Friday, April 19, 2013

Character Encoding

My study object is the Chinese character "一".

I am using Notepad in Window 7 to save in different formats, namely ANSI, Unicode and UTF-8. My system locale is Chinese (Traditional, Taiwan). I am using Traditional Chinese Google IME as input method.

In simple words, encoding is to represent "something" in some "notation", decoding is to return the "something" from some "notation". Notation that I am refering here, is the binary representation.

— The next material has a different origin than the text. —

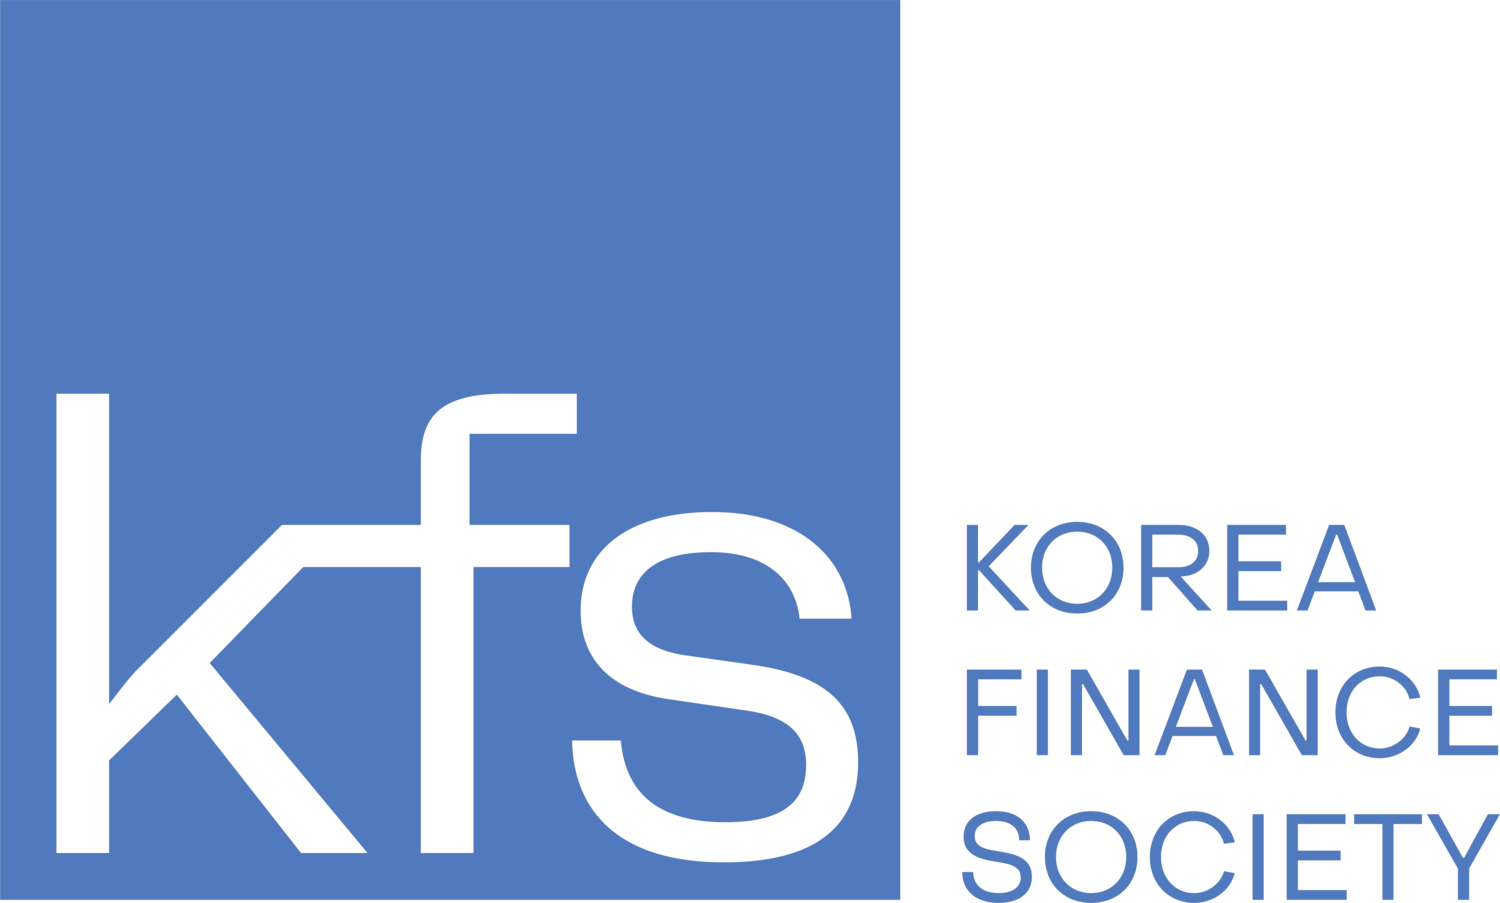 Korea Finance Society

I downloaded Hex Edit to observe the differences of the "encoding" or format (used in Notepad).

ANSI

ANSI, which always refer to ASCII character set plus an extended character set. See http://ascii-table.com/ansi-table.php. However, this character set contains only 256 characters, it does not and unable to cover Chinese character. Sometimes, when saving Chinese text in notepad, it will prompt to save in other format, but sometimes, however, I am able to save it in ANSI format. As I search for the mistery encoding for this, I found out it is actually saving in CNS 11643-1986. "一" in this case is represented by A4 40, which is first character of the start of hanzi level 1. See http://www.cns11643.gov.tw/ and http://libai.math.ncu.edu.tw/~shann/Chinese/big5cns-eng.html. (Too complicated to use these web sites)

Unicode (Big Endian)

A quick reference : http://www.unicode.org/charts/. For my test case, notepad is saving as CJK unified ideographs 4E 00. However, as I observed in Hex Editor, it is actually saved as FE FF 4E 00. FE FF is actually represents "zero width no-break space". It occurs on every file that saved as Unicode.

UTF-8

Well, this seems like the "most popular" one, at least in one of our research project on Japanese related encoding, it is prefered to have the data save as UTF-8, for easy translate to other encodings. It is a variabled-width encoding which can go up to 6 bytes to represent a single character. Same as Unicode, the binary representation starts with EF BB BF, which is the "zero width no-break space", followed by E4 B8 80, which is "一". See http://www.utf8-chartable.de/unicode-utf8-table.pl.

I studied somewhere online that Unicode is character set, while UTF-8 is one of the character encodings. So, Unicode encodes the character, and UTF-8 encodes the Unicode? Guess that is the case.